Scalability is the capability of dynamically, or easily, adapting to increased load without impacting existing performance. Service virtualization presented an interesting opportunity for scalability; if the service, or the point of user contact, was separated from the actual servers, scaling of the application would simply mean adding more servers or cloud resources which would not be visible to the end user.

High Availability (HA) is the capability of a site to remain available and accessible even during the failure of one or more systems. Service virtualization also presented an opportunity for HA; if the point of user contact was separated from the actual servers, the failure of an individual server would not render the entire application unavailable. Predictability is a little less clear as it represents pieces of HA as well as some lessons learned along the way. However, predictability can best be described as the capability of having confidence and control in how the services are being delivered and when they are being delivered in regards to availability, performance, and so on.

A Little Background

Back in the early days of the commercial Internet, many would-be dot-com millionaires discovered a serious problem in their plans. Mainframes didn't have web server software (not until the AS/400e, anyway) and even if they did, they couldn't afford them on their start-up budgets. What they could afford was standard, off-the-shelf server hardware from one of the ubiquitous PC manufacturers. The problem for most of them? There was no way that a single PC-based server was ever going to handle the amount of traffic their idea would generate and if it went down, they were offline and out of business. Fortunately, some of those folks actually had plans to make their millions by solving that particular problem; thus was born the load balancing market.
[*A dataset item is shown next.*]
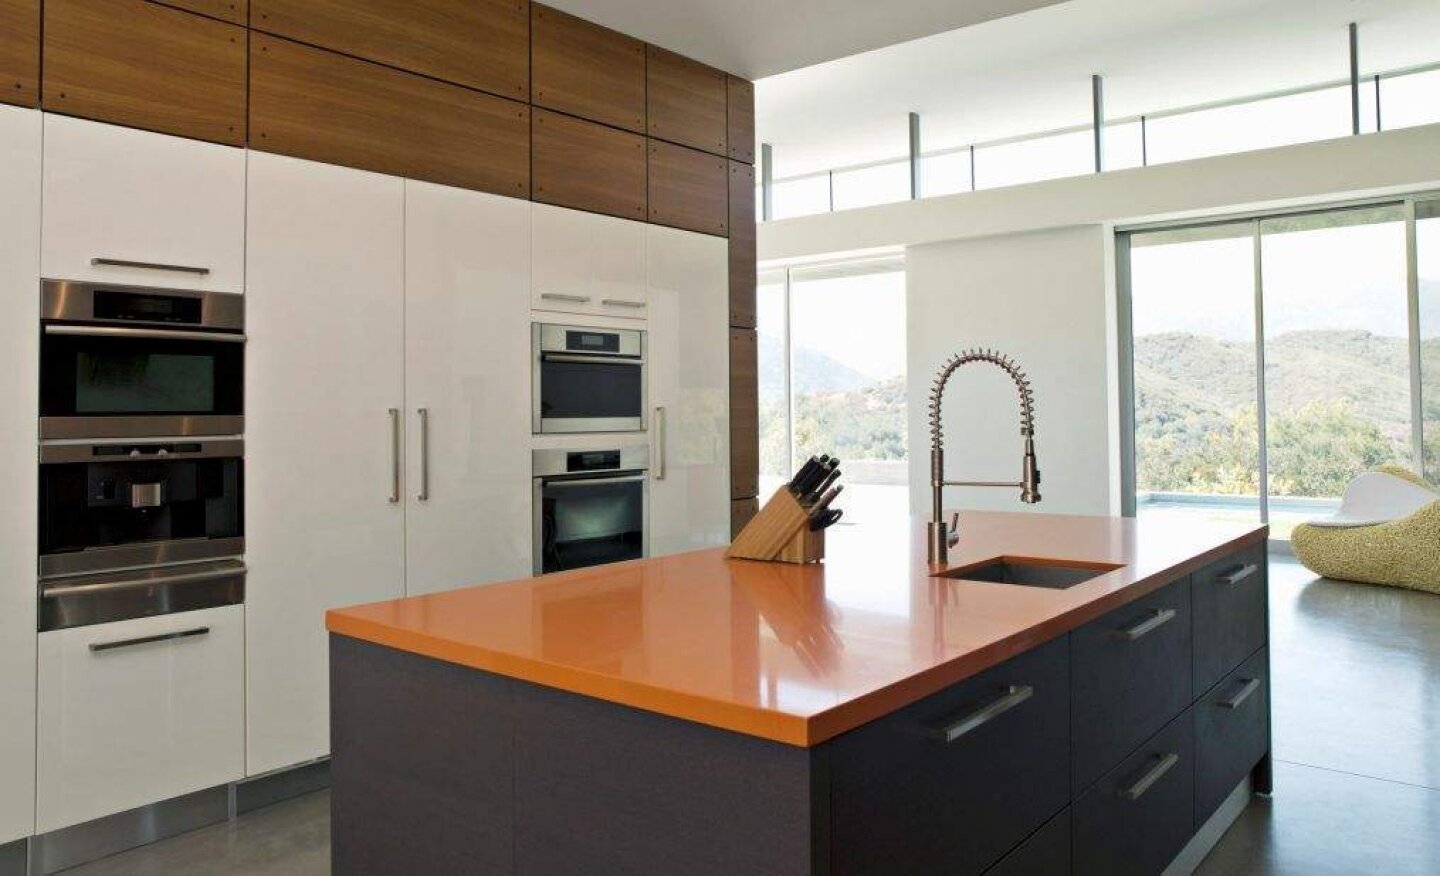 48636-modern-kitchen-home-interior-design-ideas9_1440x900

In the Beginning, There Was DNS

Before there were any commercially available, purpose-built load balancing devices, there were many attempts to utilize existing technology to achieve the goals of scalability and HA. The most prevalent, and still used, technology was DNS round-robin. Domain name system (DNS) is the service that translates human-readable names (www.example.com) into machine recognized IP addresses. DNS also provided a way in which each request for name resolution could be answered with multiple IP addresses in different order.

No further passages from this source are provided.